Welcome to my World

Welcome to the domain different--to paraphrase from New Mexico's capital city of Santa Fe which bills itself "The City Different." Perhaps this space is not completely unique but my world shapes what I write as well as many other facets of my life. The four Ds figure prominently but there are many other things as well. Here you will learn what makes me tick, what thrills and inspires me, experiences that impact my life and many other antidotes, vignettes and journal notes that set the paradigm for Dierdre O'Dare and her alter ego Gwynn Morgan and the fiction and poetry they write. I sell nothing here--just share with friends and others who may wander in. There will be pictures, poems, observations, rants on occasion and sometimes even jokes. Welcome to our world!

Sunday, December 31, 2023

Monday Memoir, Jan 1, 1966


I began 1966 in Sacramento although I was already fairly sure I would be returning to Arizona in the relatively near future. A wise idea? In a few words, hell no! But I had unfinished business I could not leave dangling and a little more of my self-imposed sentence to complete to earn my release. I had no illusions it would be easy. Actually, in most ways it was harder than I even imagined or expected but I knew the end would come and somehow I would get there. No regrets; what does not kill you...

January 1, 1966 Saturday 

The day dawned sunny and lovely. I got up and dressed and did the dishes left over from last night. By then Roxie was up and soon the boys. We had 'brunch' and then worked at various chores. I made new finance and correspondence charts and wrote six New Year's resolutions. I read, studied the ARJC catalog etc. Late in the evening we went over to Grace and Ruth's for dinner. I had an Air Mail Special Delivery letter which I was half-afraid to read but it wasn't bad at all. Now I have one more week of vacation to sum it up briefly. It was a pretty reasonable letter from Mom and the Boss but Charlie Mike is a little hot under the collar yet. I hope he is not echoing the real sentiments... I nearly forgot, we drove over to Davis in the afternoon with some of the boys' stuff and I got a look at the campus. The new buildings are going up really pretty--mostly precast concrete extremely modern style but very striking. It was a lovely ride. If this is a sample 1966 will be full of busy sunny days with travel and surprise changes of plans. I hope I can see San Francisco before I go. Maybe Roxie and I can go next Saturday. 

After my departure from "home" I was not forgotten! They claimed to be starving broke but Special Delivery Air Mail? Holy frijoles! As I mentioned, a spate of letters had come from Arizona—threats, wheedles, pathetic whines—the full arsenal of emotional blackmail. There was one to the aunts which I was never meant to see but I did. In it they were warned I was a totally out-of-control nymphomaniac slut, constantly embarrassed Dad by propositioning his friends and any other man in the county and would bring all sorts of shame and dishonor on them if they allowed me to stay. Reading this scathing but false condemnation, I felt flayed and crucified. He did not mention my “despicable affair with a married railroad man"; perhaps too tame a scandal to include!  After they all read that one, there was a lot more cussing. It was too dramatic and ridiculous to be true, but did they doubt me just a little bit? I’ll never know.

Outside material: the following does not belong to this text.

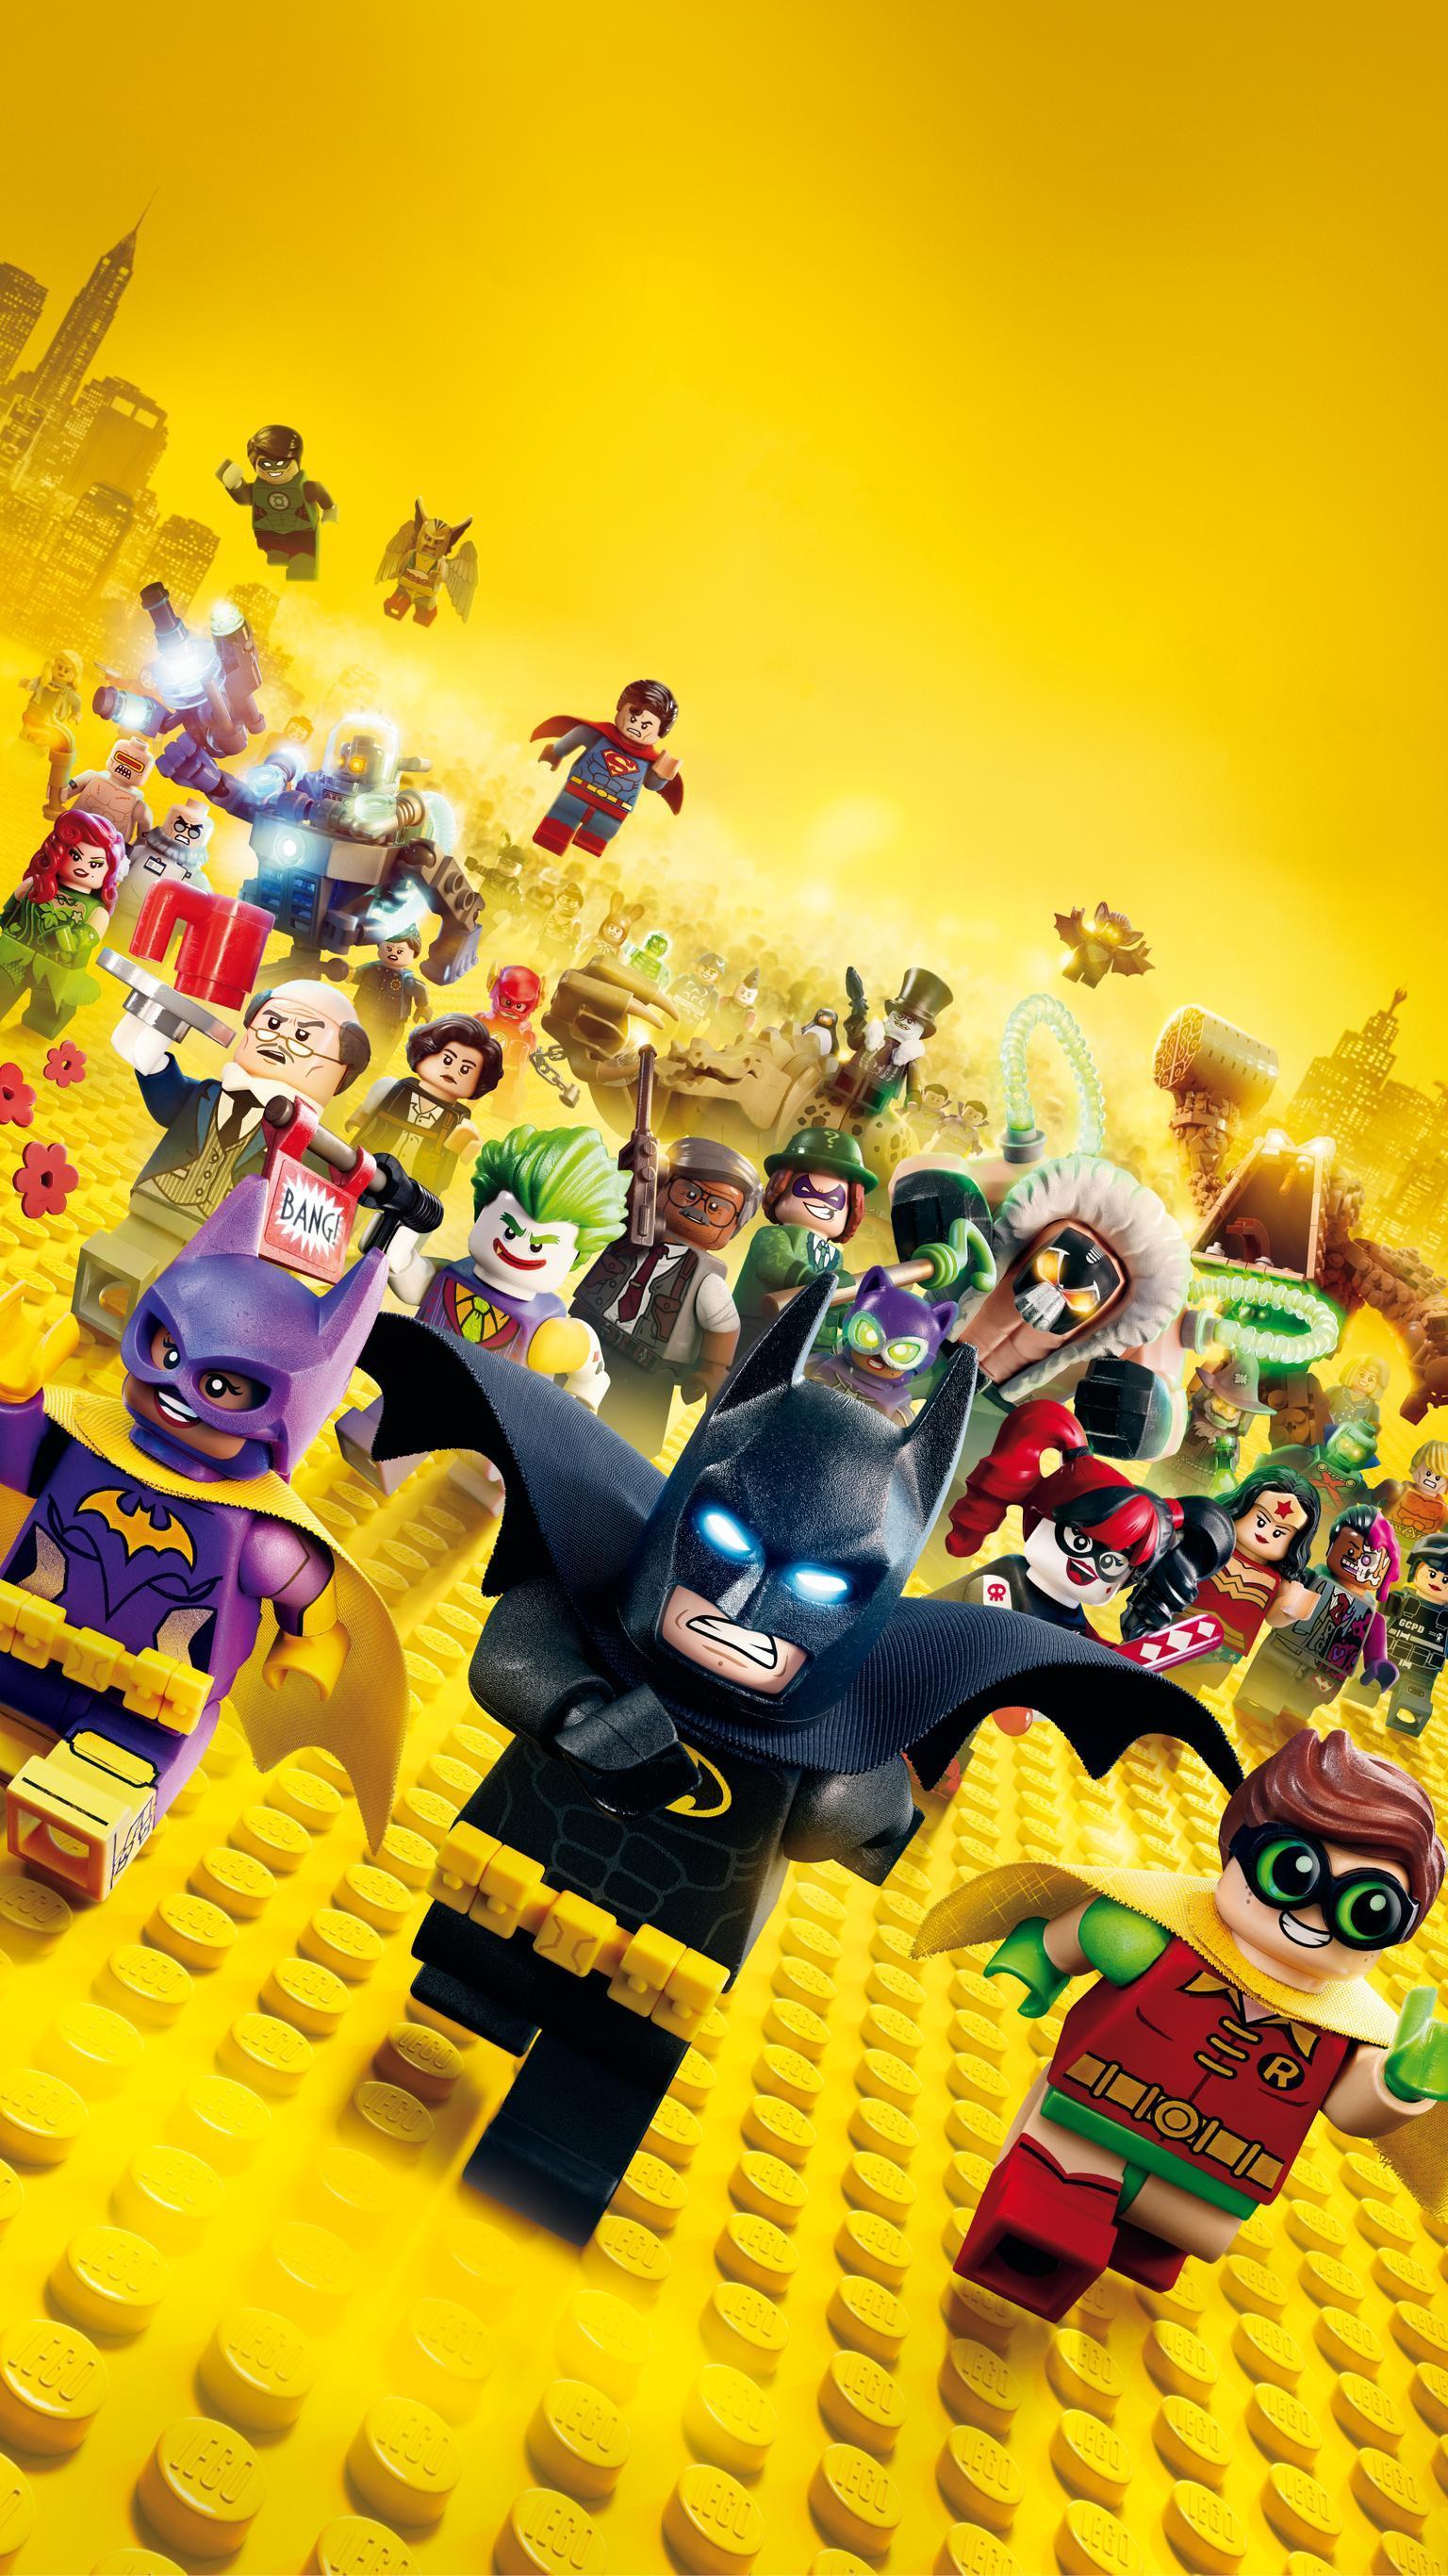 Wallpapers Lego Batman - Wallpaper Cave

I think that was when Aunt Roxie took me over to her house, Was it to protect me, her big sisters or ??? At any rate I think I can say she was less scared of her big brother than any of the others. I do not even think she liked him much! She was a strong Taurus on the cusp of Aries (April 21) and managed well as a single mom for a long time. I always respected her and admired her practicality. We got along well and were a bit alike. 

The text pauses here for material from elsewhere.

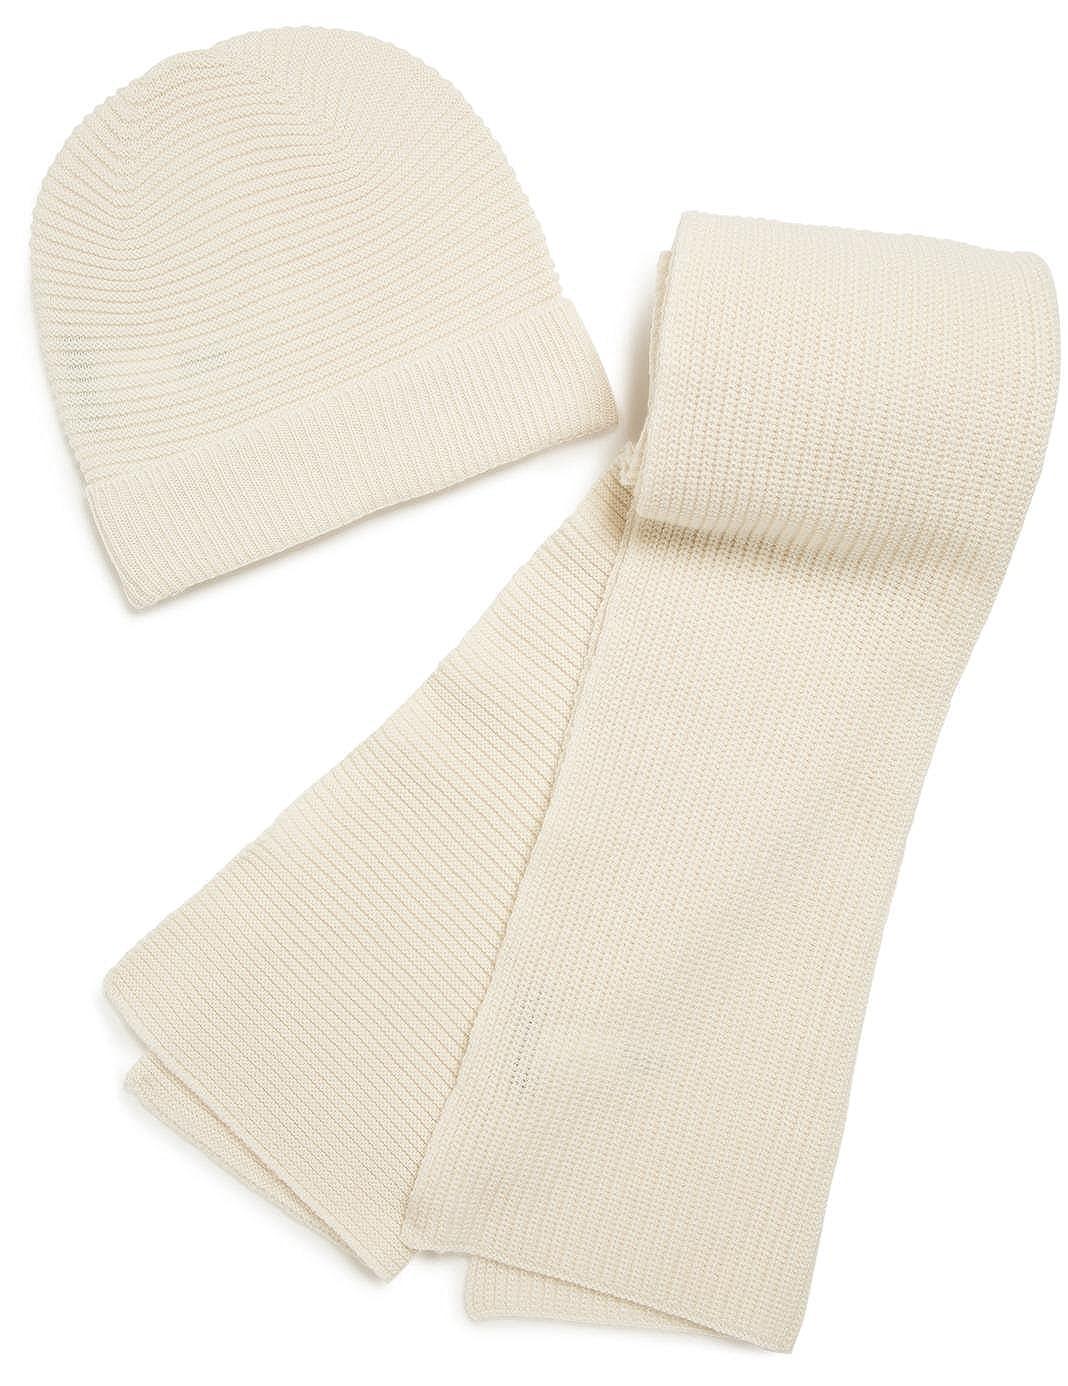 060474c741d7a MONOPRIX FEMME - Set, echarpe et bonnet, en laine et cachemire - Femme -  Taille : TU - Couleur : ÉCRU: Amazon.fr: Vêtements et accessoires

I suspect Charlie Mike was feeling a bit betrayed as we had spoken of  leaving together. And of course Dad now did all he could to drive a big wedge between us. He was not ready to cut his older son loose--needed the slave labor--despite the fact he often was harder on Charlie Mike than me in some ways, like downright ugly and mean, much more physical punishment. I think he suspected lectures were not efficacious! Charlie Mike was much less subject to emotional blackmail and far less gullible than I was. He always had an iron core and does to this day. Real Scorpio, no surrender and don't mess with him. At any rate once I was back we quickly resumed our trust, sharing and mutual support. 

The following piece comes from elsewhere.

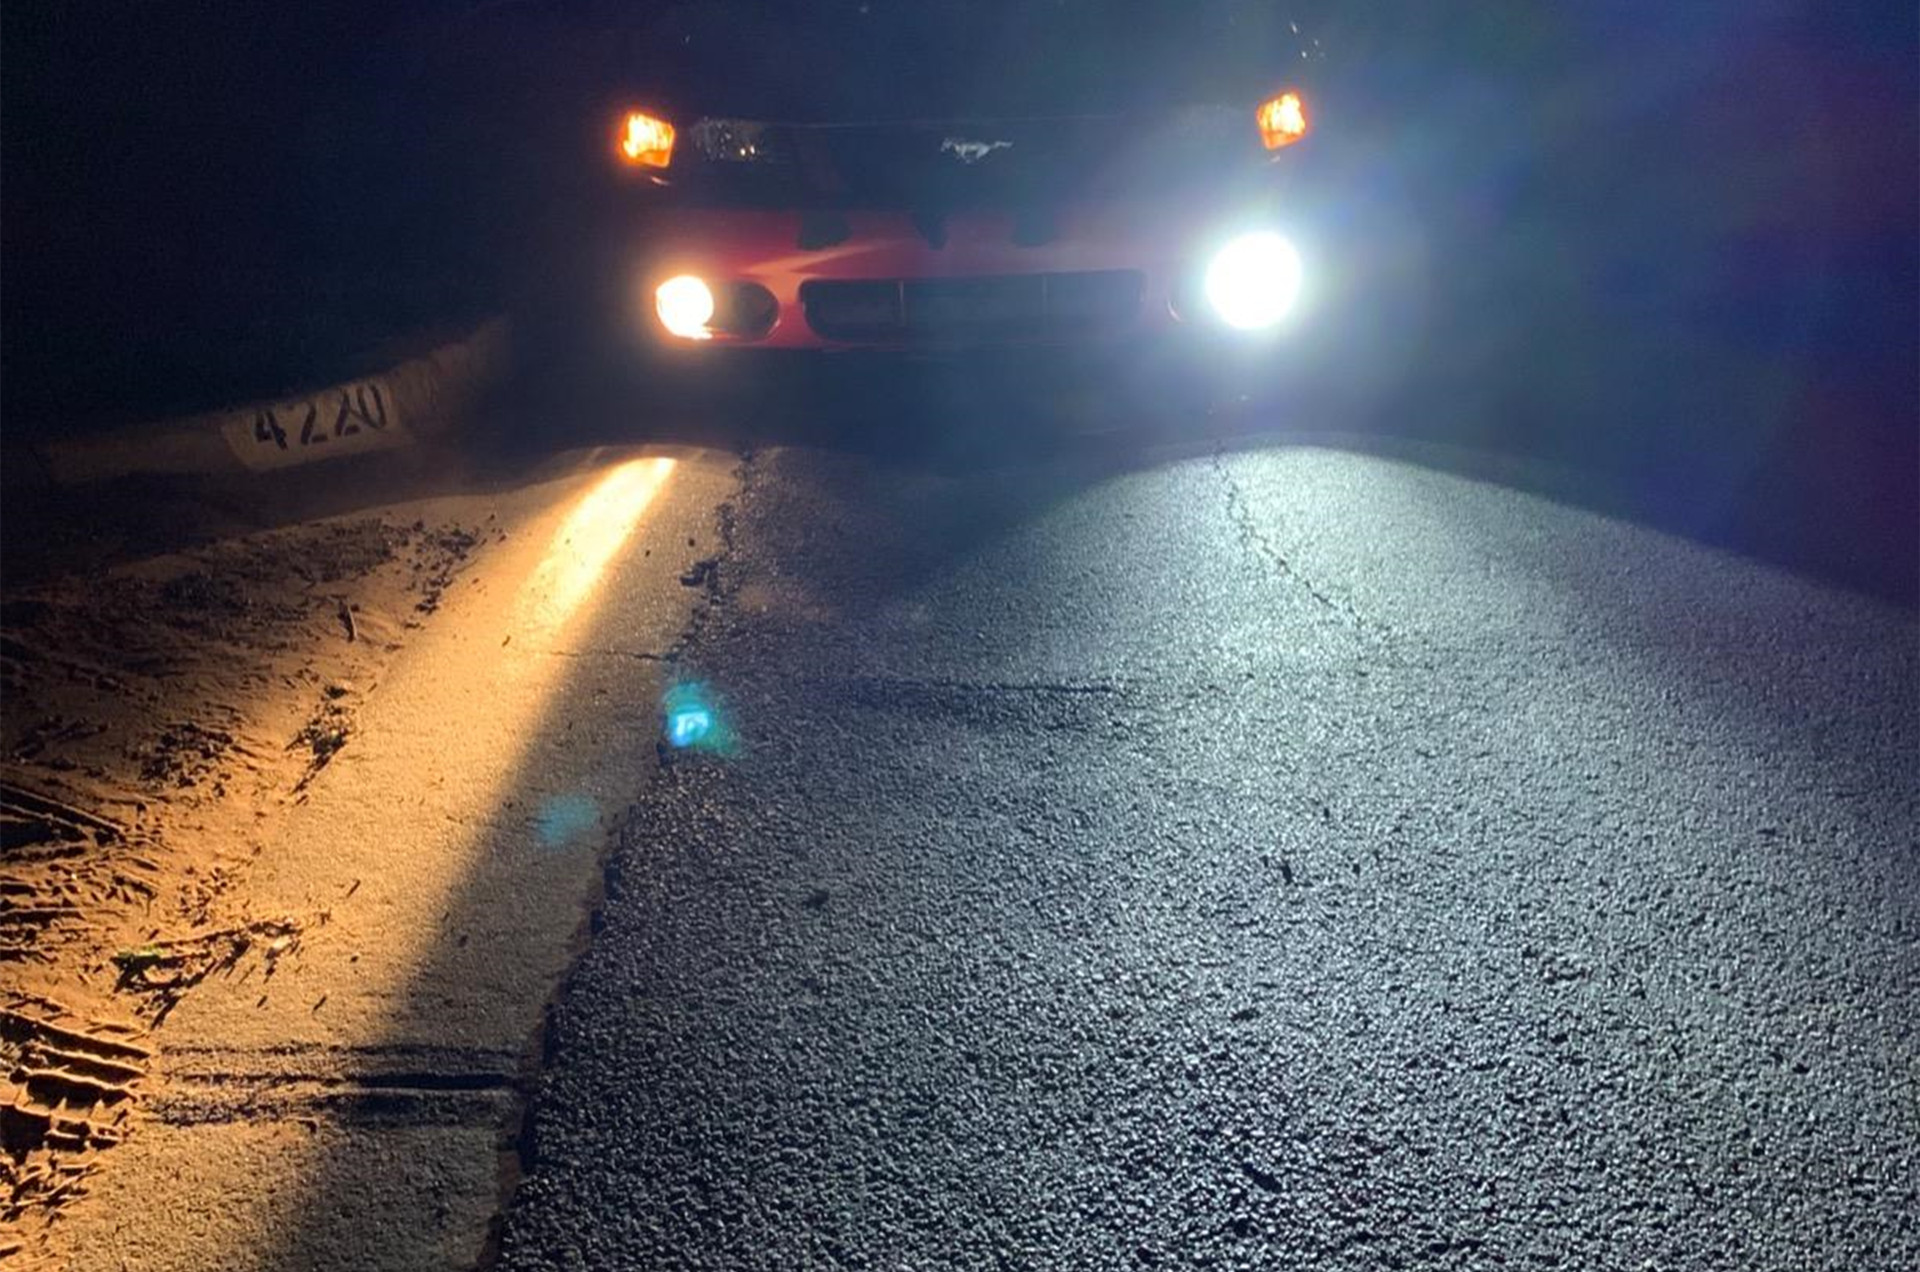 Ford-Mustang-Fog-Lights-bulbs-Alla-6000K-White-vs-Halogen-Lamp-55W

Just a few photos for eye candy or tax to break up the dull lines of text. First is Aunt Roxie in 1942--she was no fashionista like Sister Ruth but wholesomely pretty. She was about 24. Next a couple of years later, after Larry was born. This is very real and her. Then Roxie and her husband, Ray Tackett. He was the father of both boys. They wed in 1944 I think. An Army Air Corps vet, he contracted a leukemia type disease and died in about 1950, shortly after Steve was born. I suspect it was service related but I never knew. I really do not remember him but am sure he was a really fine man.